The phenomenon is driven, to a large degree, by Republican voters who are well trained to give every trend in American life a thumbs down during Democratic presidencies.
Mainstream media outlets contribute through hesitancy to report on the Biden administration in any way that might expose them to bad-faith allegations of partisan bias. Only now are those outlets reporting on the decoupling of economic fundamentals and perceptions, which is a step forward, but still a very meta way to report on a boom economy.
Social media contributes, in the way it incentivizes and amplifies the sharing of gloom and doom.
A faction of the fractured democratic-socialist left—those who were stung by Bernie Sanders’s defeats and his subsequent cooperation with Joe Biden—are also cynically invested in fomenting economic despair, for much the same reason Republicans do: to beat the libs. The difference is that, if their efforts combined succeed at beating the libs, Republicans, not democratic socialists, will come to power.
Then, of course, there are millions of Americans who are struggling economically. There are fewer of them than normal now, but there is always a great deal of ruin in a nation.
These categories sometimes overlap or bleed into one another.

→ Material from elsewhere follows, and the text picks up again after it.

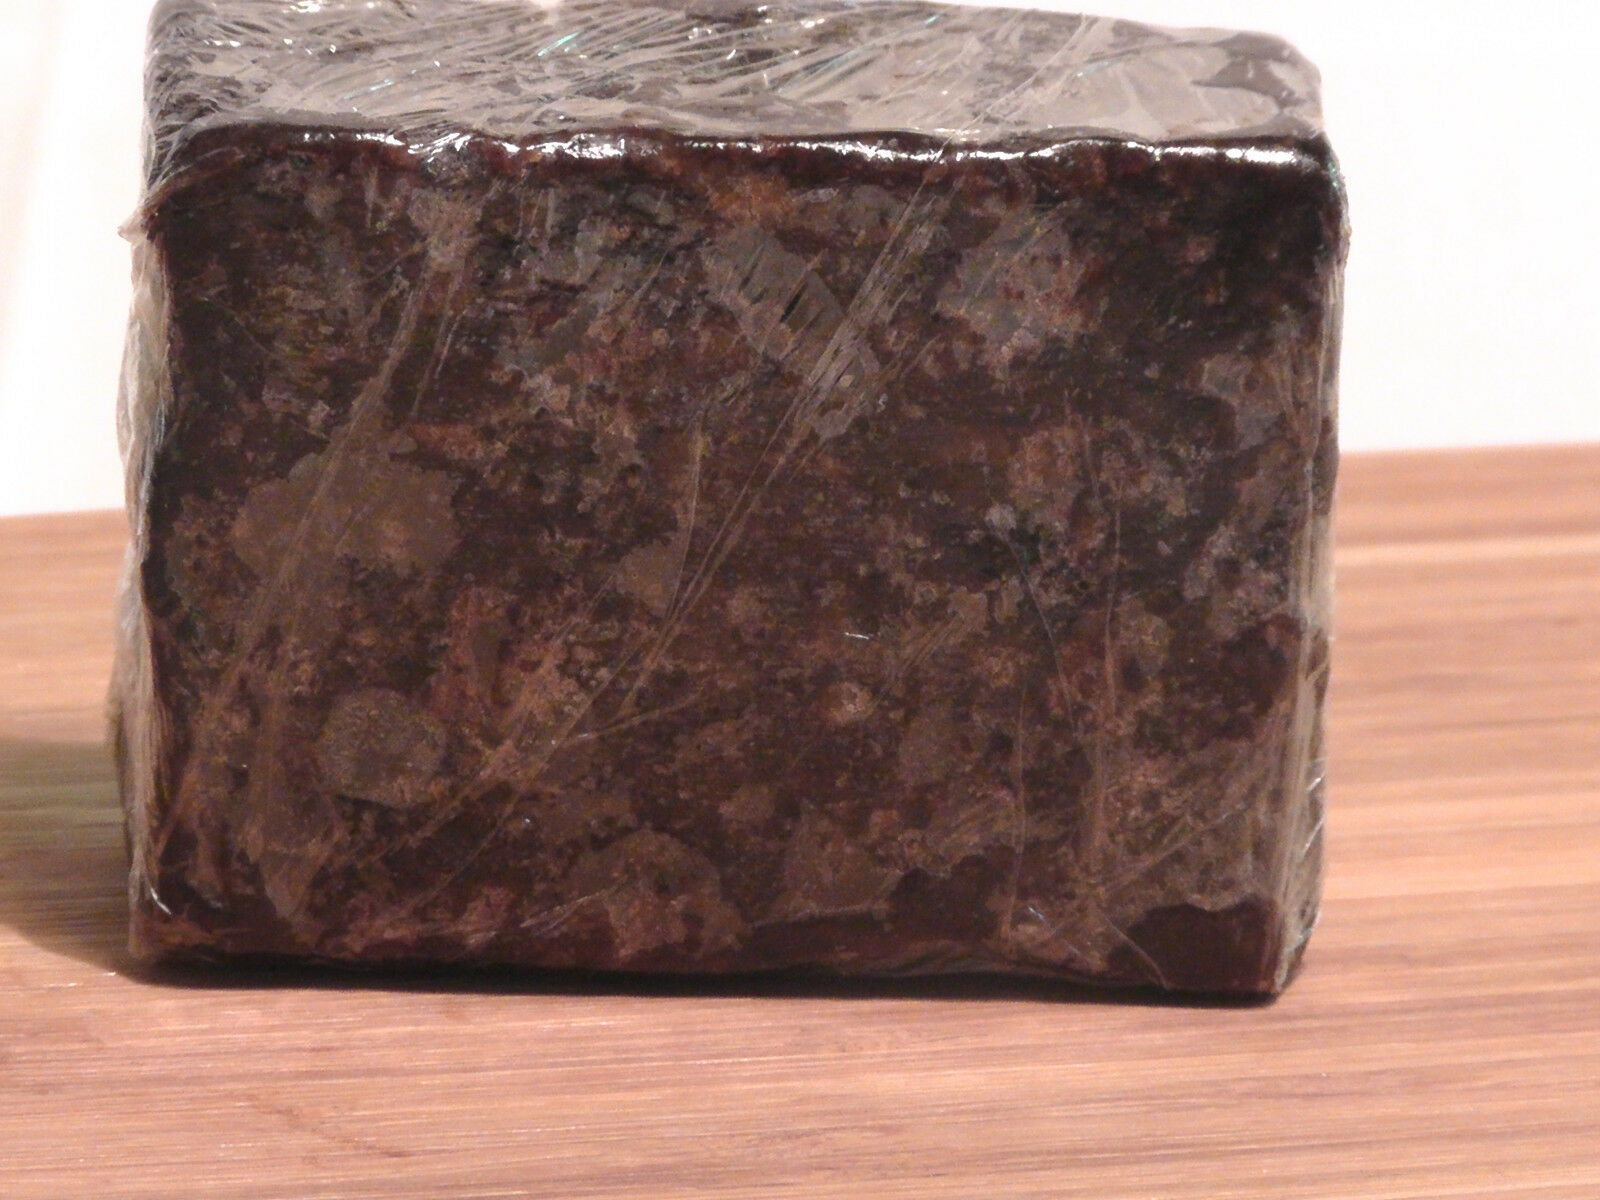 African Black Soap aus Ghana Naturseife, Vegan 100g + Schwarze Seife

That’s a huge engine of consensus formation, facing very little resistance, in part because many mainline progressive leaders and media figures don’t want to challenge the resulting conventional wisdom. There’s a sliver of progressives who seem to grasp that the economy is better, by American standards, than it has been in living memory, but won’t acknowledge it for strategic and ideological and social reasons. And some of them might be cajoled off the fence on the grounds that 1) if Joe Biden loses after enacting big fiscal stimulus and improving the fortunes of working-class Americans, it’ll be a disaster for the whole progressive project; and 2) acknowledging the strength of the economy today in no way obliges anyone to abandon the longer-term pursuit of economic justice.
DREARY OF RELATIVITY
A level of mutual incomprehension arises from a failure to set terms.
What do I mean when I say the economy is “strong”? Relative to what? My contention is that today’s economy is better and fairer than recent U.S. economies, not that it’s preferable to (say) a Nordic social democracy or another theoretical alternative. Without a basis for comparison, though, the notion that the economy is “strong” conveys some normative sense that it’s fundamentally good or just. And if it’s Mission Accomplished, might that not undermine arguments for building our own social democracy? Might it not introduce a level of incoherence when we petition the government to redress lasting economic grievances?
I don’t believe either assumption follows.